Every line below between the line holding "8a7cc3f7450 Pink Vince Camuto Dresses" and the line holding "Huawei MateBook 13″", inclusive, should be repeated exactly, and all other lines omitted.

[Collection entries]
◇ ◇ ◇ ◇

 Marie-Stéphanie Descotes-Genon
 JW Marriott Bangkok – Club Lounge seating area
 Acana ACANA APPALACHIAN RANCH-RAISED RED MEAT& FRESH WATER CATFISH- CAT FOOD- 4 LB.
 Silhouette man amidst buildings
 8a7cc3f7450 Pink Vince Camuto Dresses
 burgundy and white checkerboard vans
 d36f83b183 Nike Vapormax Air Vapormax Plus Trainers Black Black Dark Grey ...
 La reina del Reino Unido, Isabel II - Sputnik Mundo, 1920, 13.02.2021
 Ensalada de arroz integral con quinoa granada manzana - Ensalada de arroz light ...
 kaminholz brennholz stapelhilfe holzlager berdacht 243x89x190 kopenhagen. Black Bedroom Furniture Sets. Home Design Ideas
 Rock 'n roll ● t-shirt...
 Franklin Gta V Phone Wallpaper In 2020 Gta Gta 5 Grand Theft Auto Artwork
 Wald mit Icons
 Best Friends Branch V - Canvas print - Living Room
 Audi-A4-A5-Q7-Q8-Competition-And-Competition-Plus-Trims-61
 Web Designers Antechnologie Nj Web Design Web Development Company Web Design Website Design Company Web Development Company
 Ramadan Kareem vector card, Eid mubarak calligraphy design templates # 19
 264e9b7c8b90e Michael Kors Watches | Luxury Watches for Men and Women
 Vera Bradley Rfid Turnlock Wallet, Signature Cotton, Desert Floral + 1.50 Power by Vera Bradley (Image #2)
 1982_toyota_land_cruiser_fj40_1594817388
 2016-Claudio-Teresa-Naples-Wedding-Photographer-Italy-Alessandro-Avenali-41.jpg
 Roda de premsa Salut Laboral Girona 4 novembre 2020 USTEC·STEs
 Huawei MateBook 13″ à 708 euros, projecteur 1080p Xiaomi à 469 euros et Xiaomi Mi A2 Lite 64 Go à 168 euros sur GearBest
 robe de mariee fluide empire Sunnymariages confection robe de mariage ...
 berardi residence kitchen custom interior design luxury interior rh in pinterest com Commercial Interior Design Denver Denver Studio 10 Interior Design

◇ ◇ ◇ ◇

**Result of the exercise**
 8a7cc3f7450 Pink Vince Camuto Dresses
 burgundy and white checkerboard vans
 d36f83b183 Nike Vapormax Air Vapormax Plus Trainers Black Black Dark Grey ...
 La reina del Reino Unido, Isabel II - Sputnik Mundo, 1920, 13.02.2021
 Ensalada de arroz integral con quinoa granada manzana - Ensalada de arroz light ...
 kaminholz brennholz stapelhilfe holzlager berdacht 243x89x190 kopenhagen. Black Bedroom Furniture Sets. Home Design Ideas
 Rock 'n roll ● t-shirt...
 Franklin Gta V Phone Wallpaper In 2020 Gta Gta 5 Grand Theft Auto Artwork
 Wald mit Icons
 Best Friends Branch V - Canvas print - Living Room
 Audi-A4-A5-Q7-Q8-Competition-And-Competition-Plus-Trims-61
 Web Designers Antechnologie Nj Web Design Web Development Company Web Design Website Design Company Web Development Company
 Ramadan Kareem vector card, Eid mubarak calligraphy design templates # 19
 264e9b7c8b90e Michael Kors Watches | Luxury Watches for Men and Women
 Vera Bradley Rfid Turnlock Wallet, Signature Cotton, Desert Floral + 1.50 Power by Vera Bradley (Image #2)
 1982_toyota_land_cruiser_fj40_1594817388
 2016-Claudio-Teresa-Naples-Wedding-Photographer-Italy-Alessandro-Avenali-41.jpg
 Roda de premsa Salut Laboral Girona 4 novembre 2020 USTEC·STEs
 Huawei MateBook 13″ à 708 euros, projecteur 1080p Xiaomi à 469 euros et Xiaomi Mi A2 Lite 64 Go à 168 euros sur GearBest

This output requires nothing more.